**PROBLEM**
Could you print the stretch of lines below from the one with "wallpaper microsoft windows" through the one with "kayak-gonflable-itiwit-vert-2-personnes-itiwit-decathlon-v2", exactly as they stand and without any pictures?

--- MATERIAL TO PROCESS ---

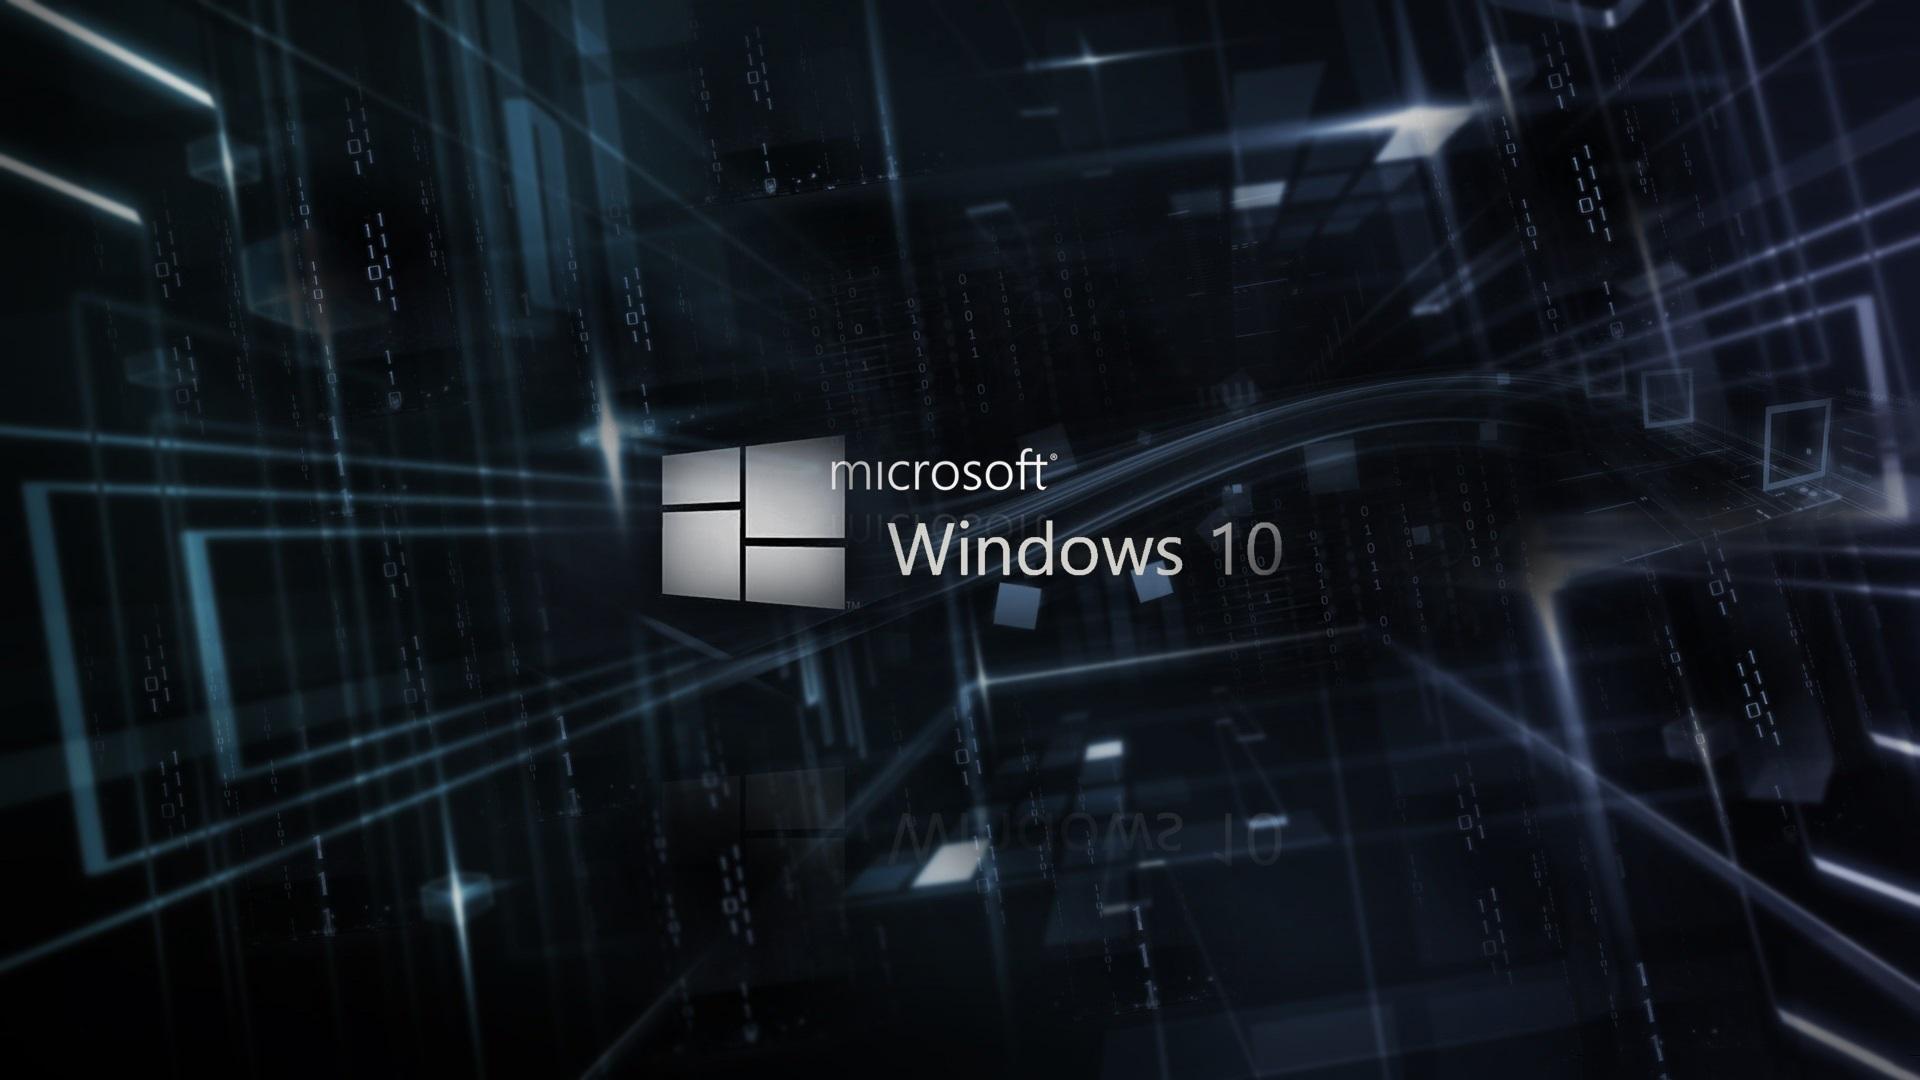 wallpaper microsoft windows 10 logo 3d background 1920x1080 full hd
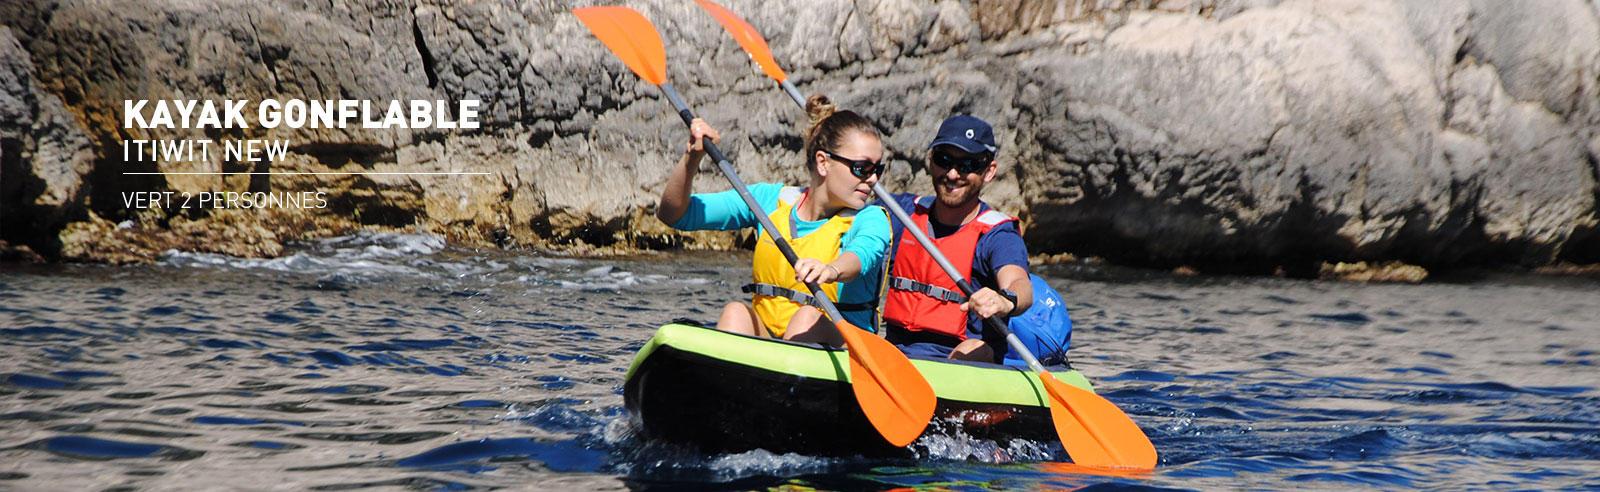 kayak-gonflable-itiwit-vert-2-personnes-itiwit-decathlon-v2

---
--- MATERIAL TO PROCESS ---

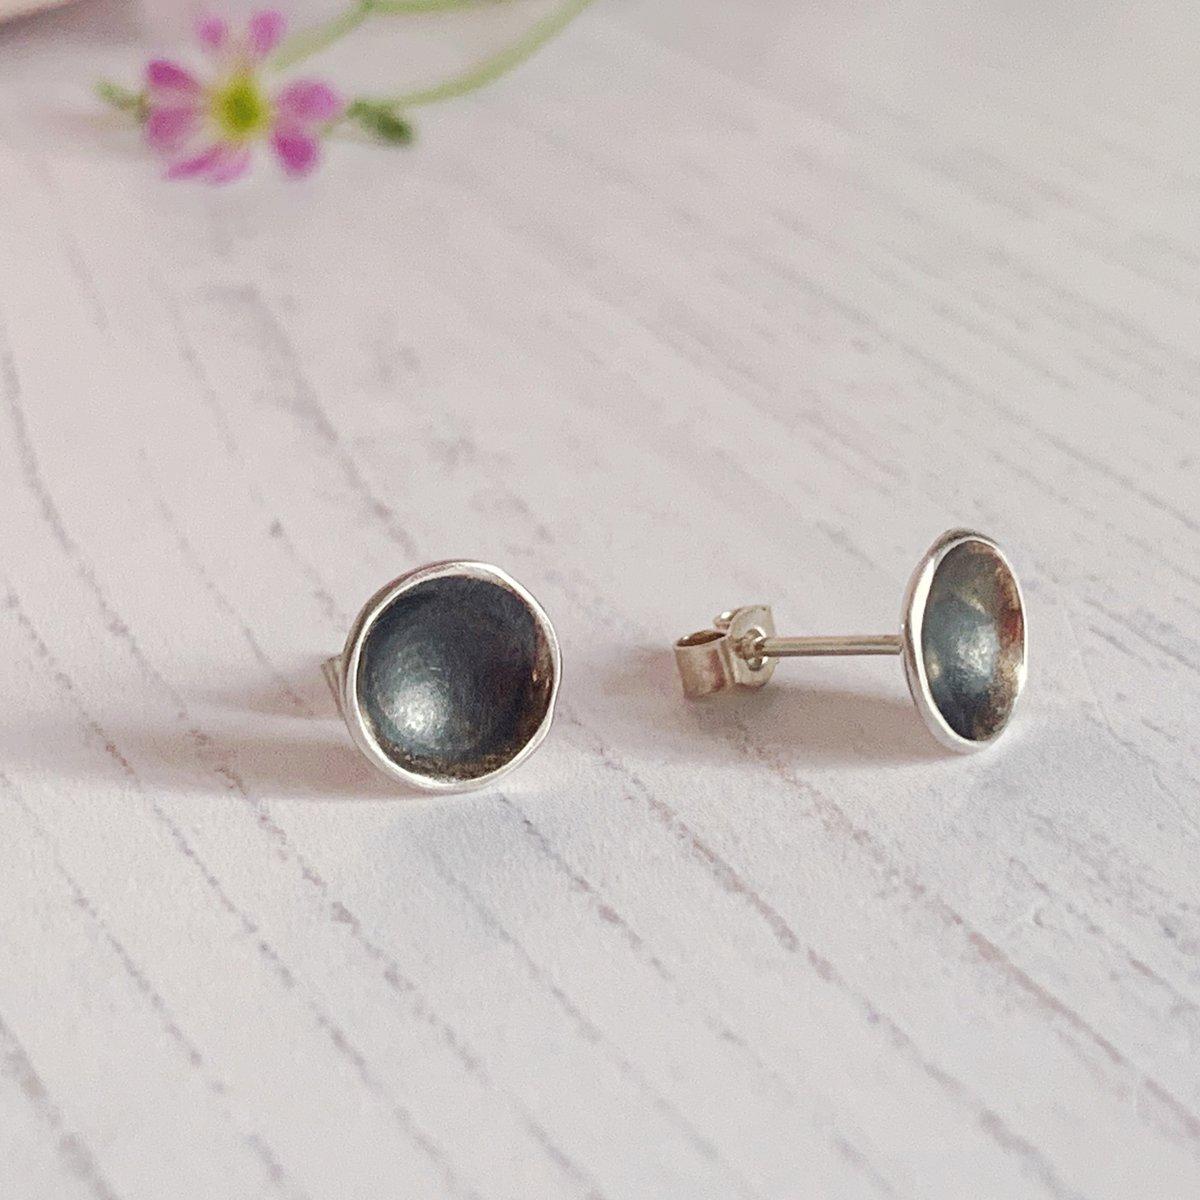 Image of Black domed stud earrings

---

**SOLUTION TO THE EXERCISE**
 wallpaper microsoft windows 10 logo 3d background 1920x1080 full hd
 kayak-gonflable-itiwit-vert-2-personnes-itiwit-decathlon-v2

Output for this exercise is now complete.